Fan X, Liu J, Tang H, Jin Y, Wang D B
State Key Laboratory of Molecular Biology, Shanghai Institute of Biochemistry, Chinese Academy of Sciences, 320 Yue-yang Road, Shanghai, 200031, People's Republic of China.
Anal Biochem. 2000 Dec 1;287(1):95-101. doi: 10.1006/abio.2000.4817.
The PyPuPu and PyPuPy intermolecular triple-stranded DNA (tsDNA) can be determined more easily by capillary electrophoresis (CE) than by traditional methods. The tsDNA and its component compounds can be well separated by using a sieving matrix of 1.0% hydroxypropylmethylcellulose (HPMC) containing 2.5 mM magnesium ions. Such factors as buffer pH, the concentration of triplex-forming oligonucleotide (TFO), temperature, and the concentration of magnesium cation in the formation and stabilization of triple-stranded helices have been studied with capillary electrophoresis. The triplex cannot be formed when the buffer pH is lower than 4.0. When the concentration of TFO is four times higher than that of dsDNA, all of the dsDNA molecules can be associated. The limit of capillary electrophoresis detection with good reproducibility is 0.5-1 nM (S/N = 3). The CE analysis of short tsDNA takes only 40 min, whereas gel electrophoresis needs at least 5 h.
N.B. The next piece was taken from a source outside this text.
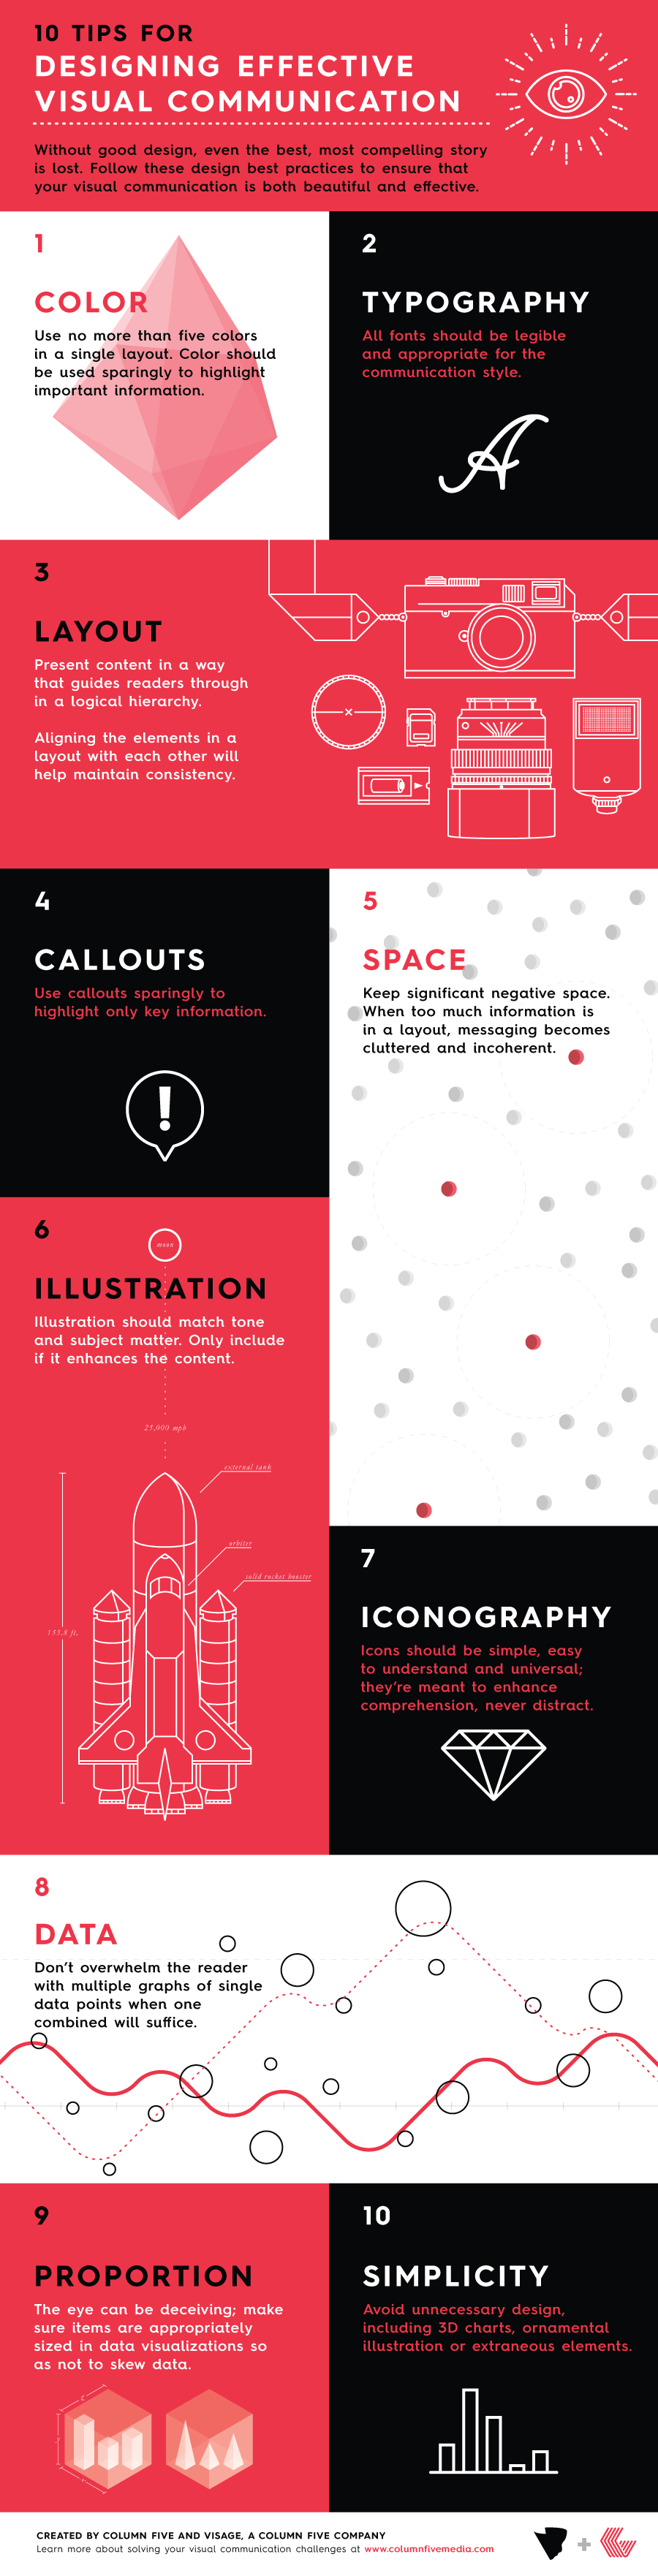 visuelle inhalte visuelle kommunikation infografik designtipps

与传统方法相比,通过毛细管电泳(CE)可以更轻松地测定PyPuPu和PyPuPy分子间三链DNA(tsDNA)。使用含有2.5 mM镁离子的1.0%羟丙基甲基纤维素(HPMC)筛分基质,可以很好地分离tsDNA及其组成化合物。利用毛细管电泳研究了缓冲液pH值、三链形成寡核苷酸(TFO)浓度、温度以及镁阳离子浓度等因素在三链螺旋形成和稳定过程中的作用。当缓冲液pH值低于4.0时,无法形成三链体。当TFO浓度比双链DNA高四倍时,所有双链DNA分子都可以缔合。具有良好重现性的毛细管电泳检测限为0.5-1 nM(信噪比=3)。短tsDNA的CE分析仅需40分钟,而凝胶电泳至少需要5小时。